Supply chain members manage their inventory level and faced deterioration of products during stock due to different geographical locations. Many studies such as [22, 26] analyze the pricing strategy and inventory decisions of deteriorated products through supply chain structure. To minimize the cost of deteriorating items, a two-layer supply chain mechanism has been established in [6] to evaluate replenishment time and total credit under constant demand. A two-stage supply chain mechanism considering the deterioration of product with linear price-sensitive demand was discussed in [7].

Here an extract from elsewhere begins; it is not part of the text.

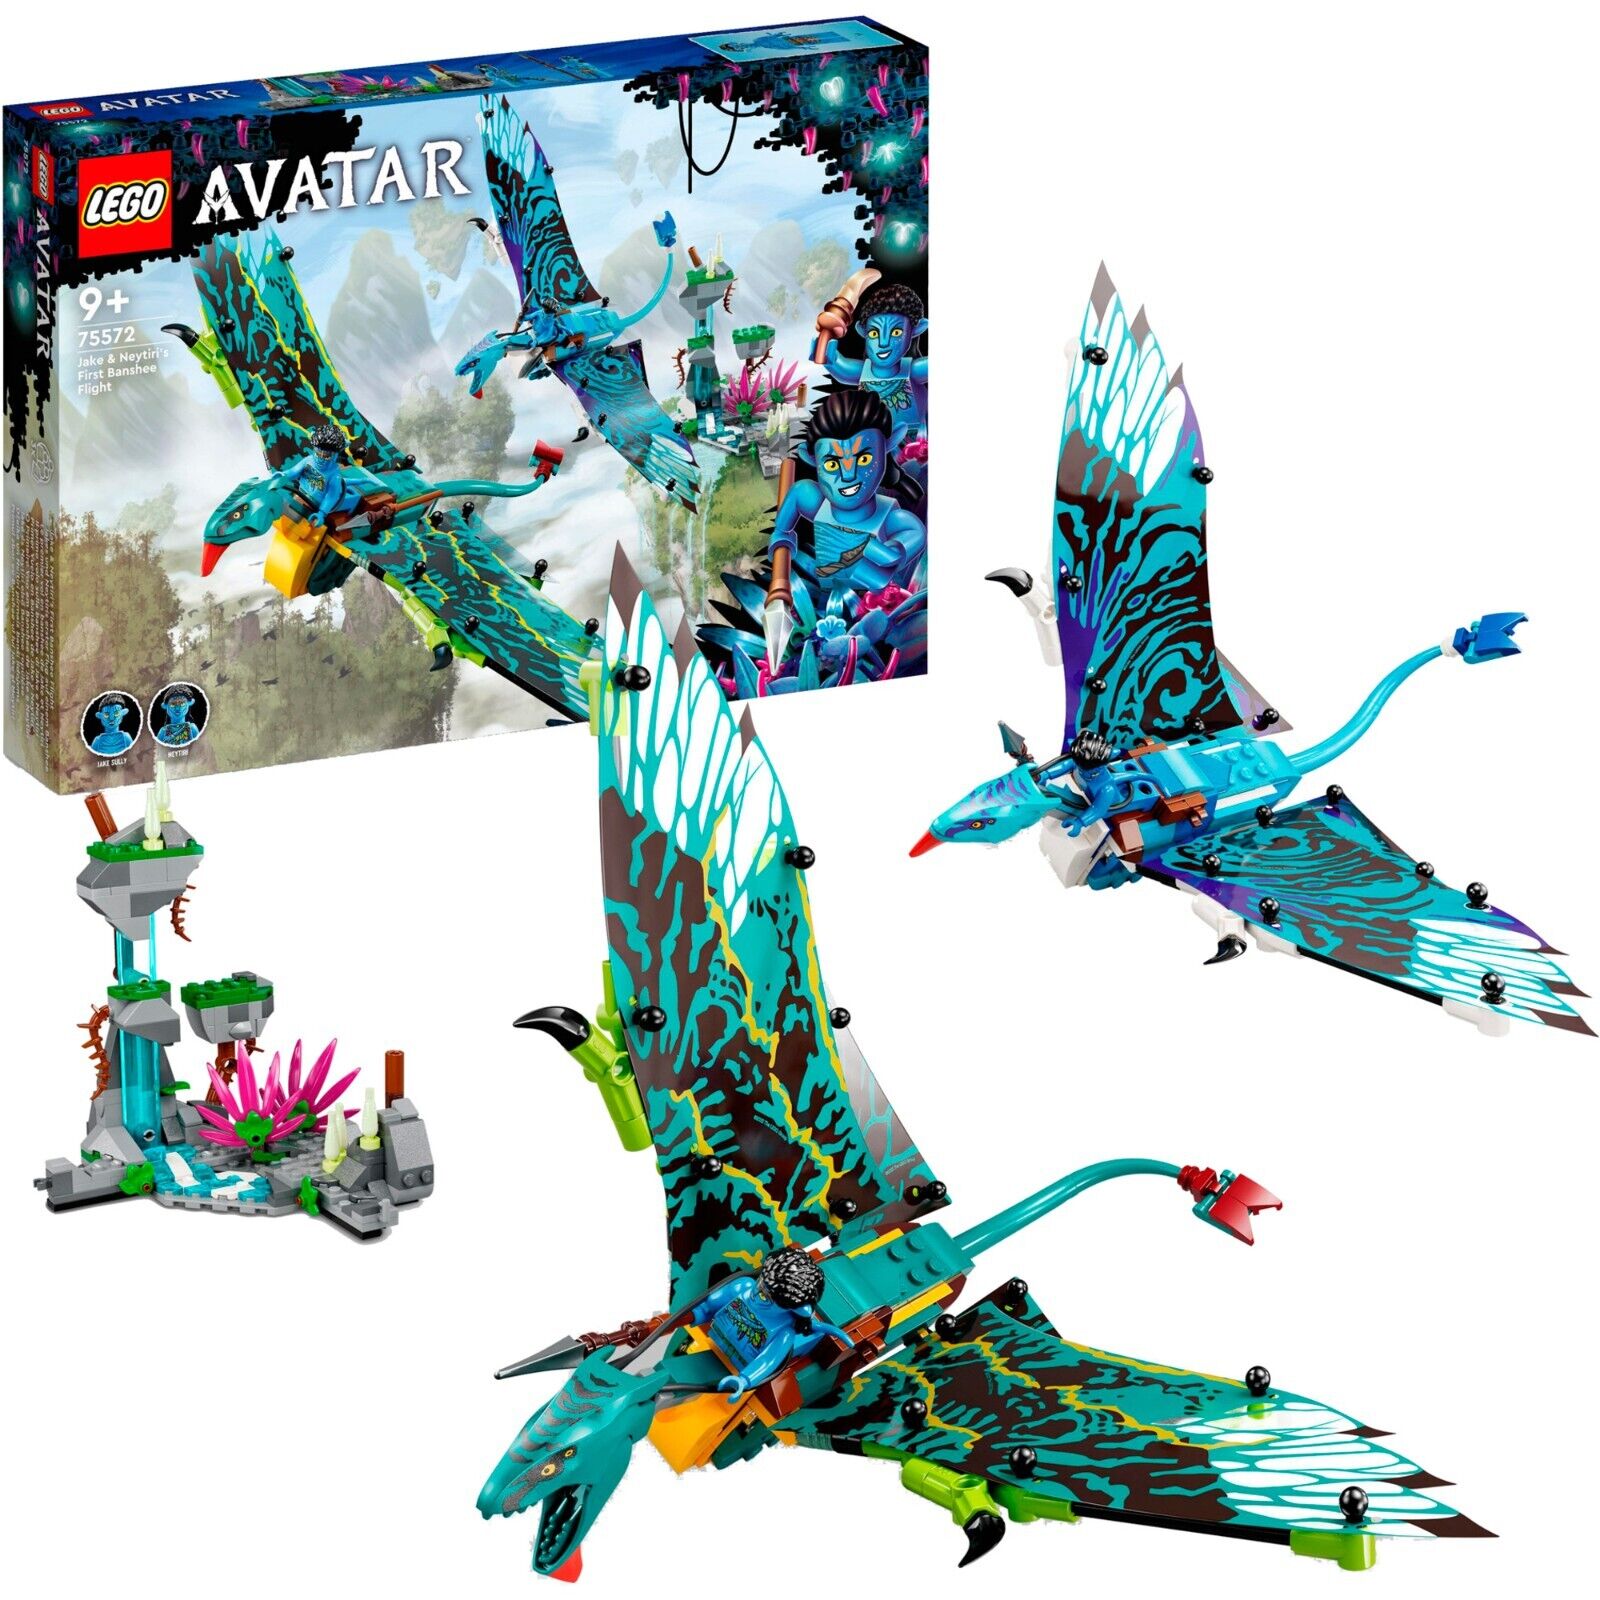 Bild zu Lego Avatar Jake und Neytiris erster Flug auf einem Banshee (75572) für 32,99€ (Vergleich: 40,89€)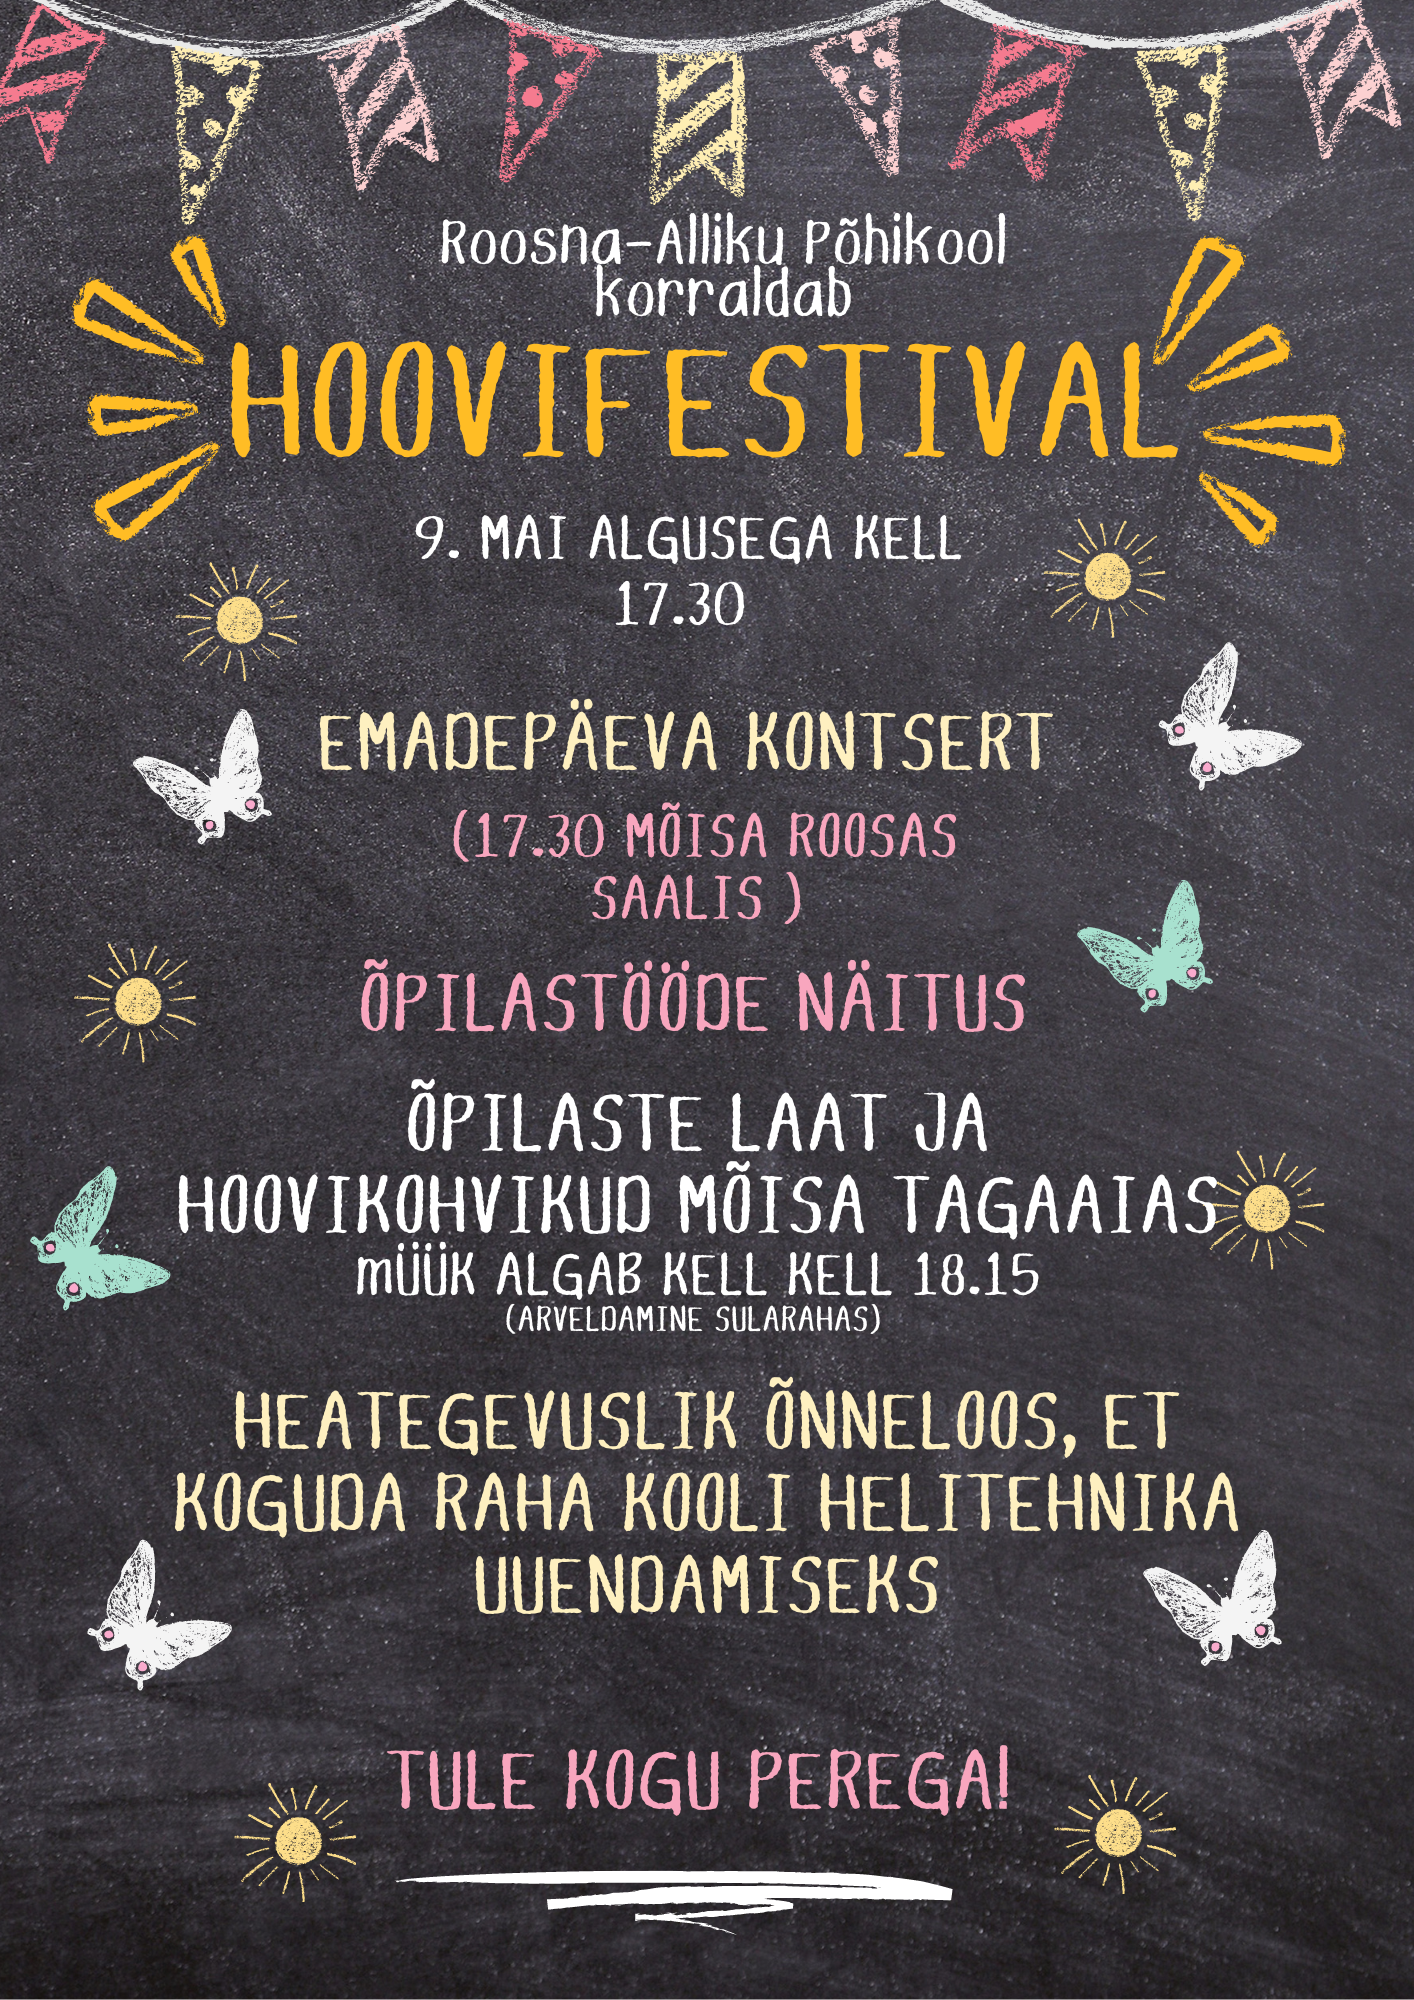 9. mail toimub Roosna-Alliku Põhikooli Hoovifestival. Hoovifestival algab kell 17.30 emadepäeva kontserdiga mõisa roosa saalis. Peale kontserdi ootavad meie koo

The decision-making process of an organization is characterized as centralized and decentralized. In a centralized structure, a central decision-maker controls the chain’s desired outcome such that all the members of the chain can gain together. This decision-making process is our present paper concern. In the decentralized structure, each channel member autonomously picks his techniques and therefore the general framework effectiveness may not necessarily be optimized. A decentralized structure of supply chain with linear selling price-dependent demand to optimize sales price, number of shipments, and cycle length for minimizing overall cost were studied in [23]. A manufacturer-retailer supply chain mechanism was illustrated under the linear and iso-elastic pattern of the price-sensitive demand function for both centralized and decentralized structures in [10]. A closed-loop supply chain model was addressed for re-manufactured products under price-sensitive for both centralized and decentralized cases in [16].

In Table 1, we have summarized some main assumptions and objectives of the recent literature to make it simpler for the readers to appreciate the contribution of our model. There are lot of researchers generalized different decision-making strategies for different demand patterns under a single decision-maker as well as multiple stages containing supply chain model but the purpose of this paper how both linear and iso-elastic price-sensitive demand pattern together effect on joint pricing and inventory policy of a two-echelon supply chain. We have designed a two-echelon supply chain model considering various assumptions like deterioration of the product, shortage with constant backlogging in-retailer inventory but neglect the inventory of the manufacturer. Also, we have seen from Table 1 that no work has previously done considering the effect of two different demand patterns in supply chain scenario. Our model is more prominent for the deteriorated products such as fruits, vegetables, sweets, etc. The demand for these products is mainly dependent on the sales price. These products sell through the retailer or directly to the customer and market decisions of the products are managed by the channel members together or individually as indicated by their significance, singular benefit, and connection. One of the practical examples of our proposed model is ice-cream factory. During any season, the demand for ice-cream increases linearly and nonlinearly with the selling price.

Our investigation contrasts from the earlier studies in the accompanying significant aspects. Firstly, we have considered the demand of the customers (1) linear function of selling price. (2) iso-elastic form of selling price. Secondly, under price-dependent demand, consideration of the deterioration of products plays an important role in pricing and inventory decisions to analyze the optimal profit of the supply chain. Thirdly, a shortage at the retailer warehouse is allowed with a constant backlogging rate of \(\delta\). Fourthly, we study the performance of our proposed manufacturer-retailer supply chain in a joint centralized structure. Lastly, a comparative study on linear and iso-elastic demand function on our proposed joint centralized supply chain strategy are examined.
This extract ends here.